We're awaiting CRP bid for renewal options, but currently planning to put all but the steepest 40 acres back into production. We plan to place tile mains in the most problematic areas of the bottoms first. We no longer farm ourselves, and this is a hunting/recreational/investment farm for us. We have a 100hp cab tractor and notill drill we've been handling the cover crop seeding and expect that to continue. We also have a 75hp track skid loader, tree shear, puller, brush mower and have been busy reclaiming areas from cottonwood, boxelder, and thankfully only the occasional cedar.

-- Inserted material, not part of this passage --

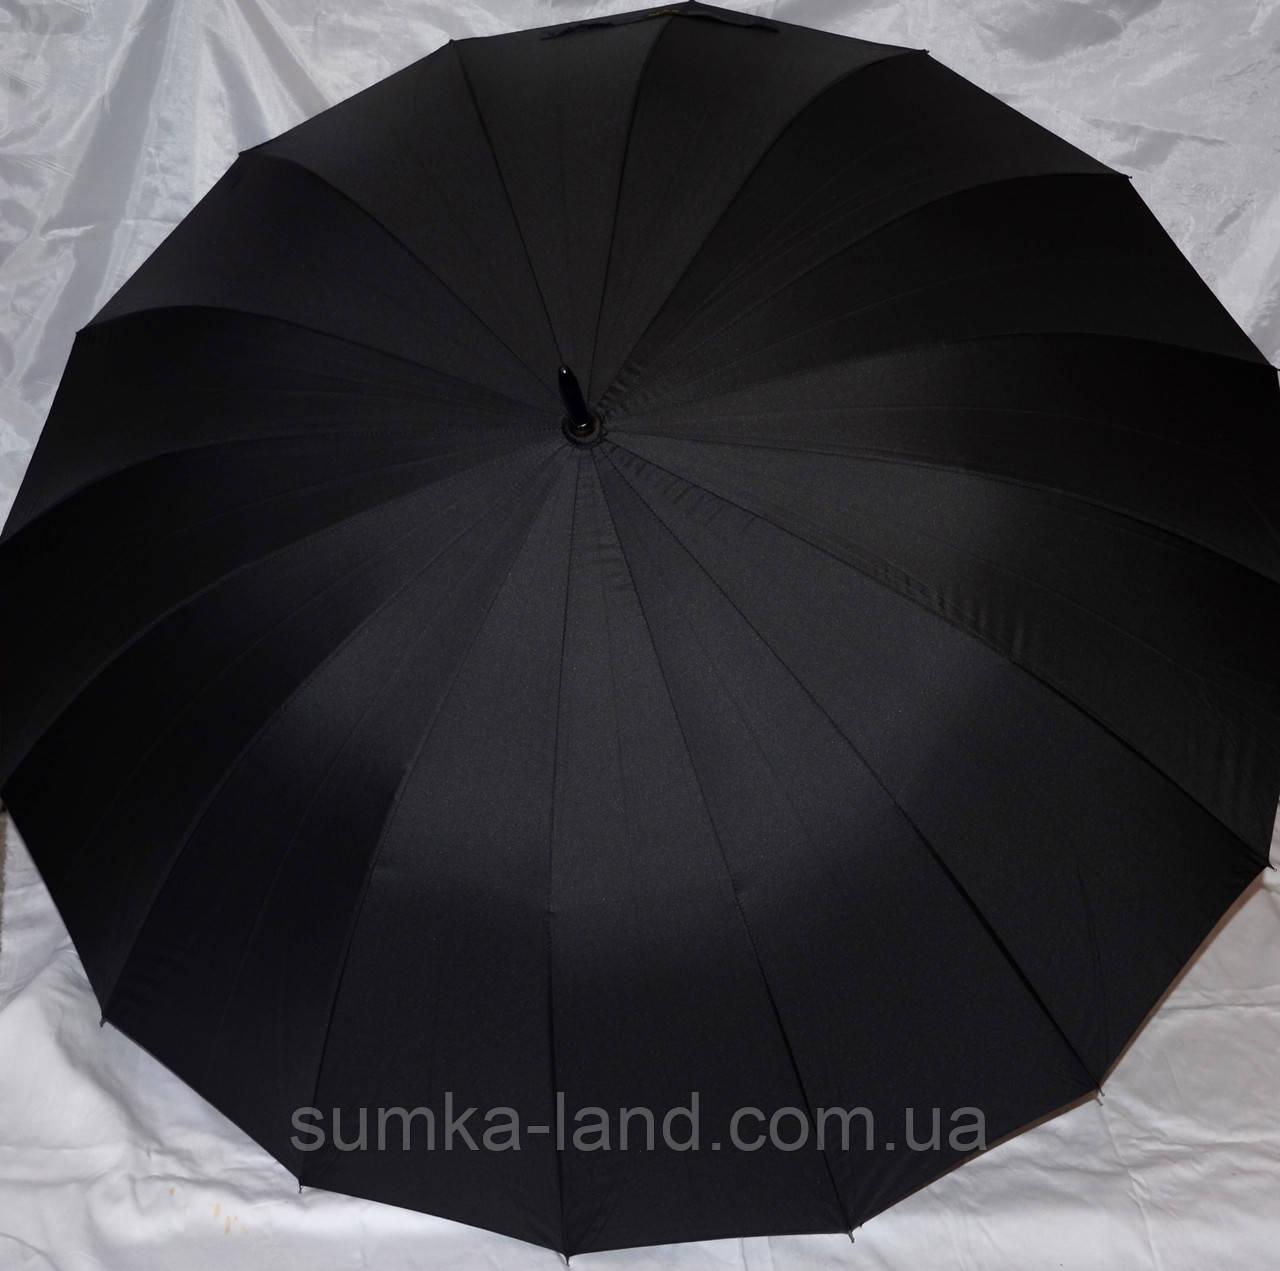 Зонты трости СЕМЕЙНЫЕ

We plan to weigh options of CRP rates and cash/flex rent rates and overall economics before deciding what to do. I'm interested in others thoughts as we decide what the next 10 years look like. One factor we have in mind is the state of the current CRP grass/forb stand. I would argue that a couple years of notill could really help clean up some of the shorter bluegrass/brome/weeds that have no real redeeming habitat value before reseeding with a native CRP mix, but expect those 40 acres to be a loss leader. Ideally I see this 300 acre farm as 120 of pattern tiled tillable, 100 of high quality CRP and remainder timbered creek/draw.

We have a young, ambitious and conservation-minded tenant who we feel will treat us well and take care of the farm. Larger operators are nearby and we expect rent to be fairly competitive. We have a preference for row crop as CRP has plenty of headaches. Still we like the wildlife benefits and erosion protections of CRP.

What aren't we thinking of that we should be?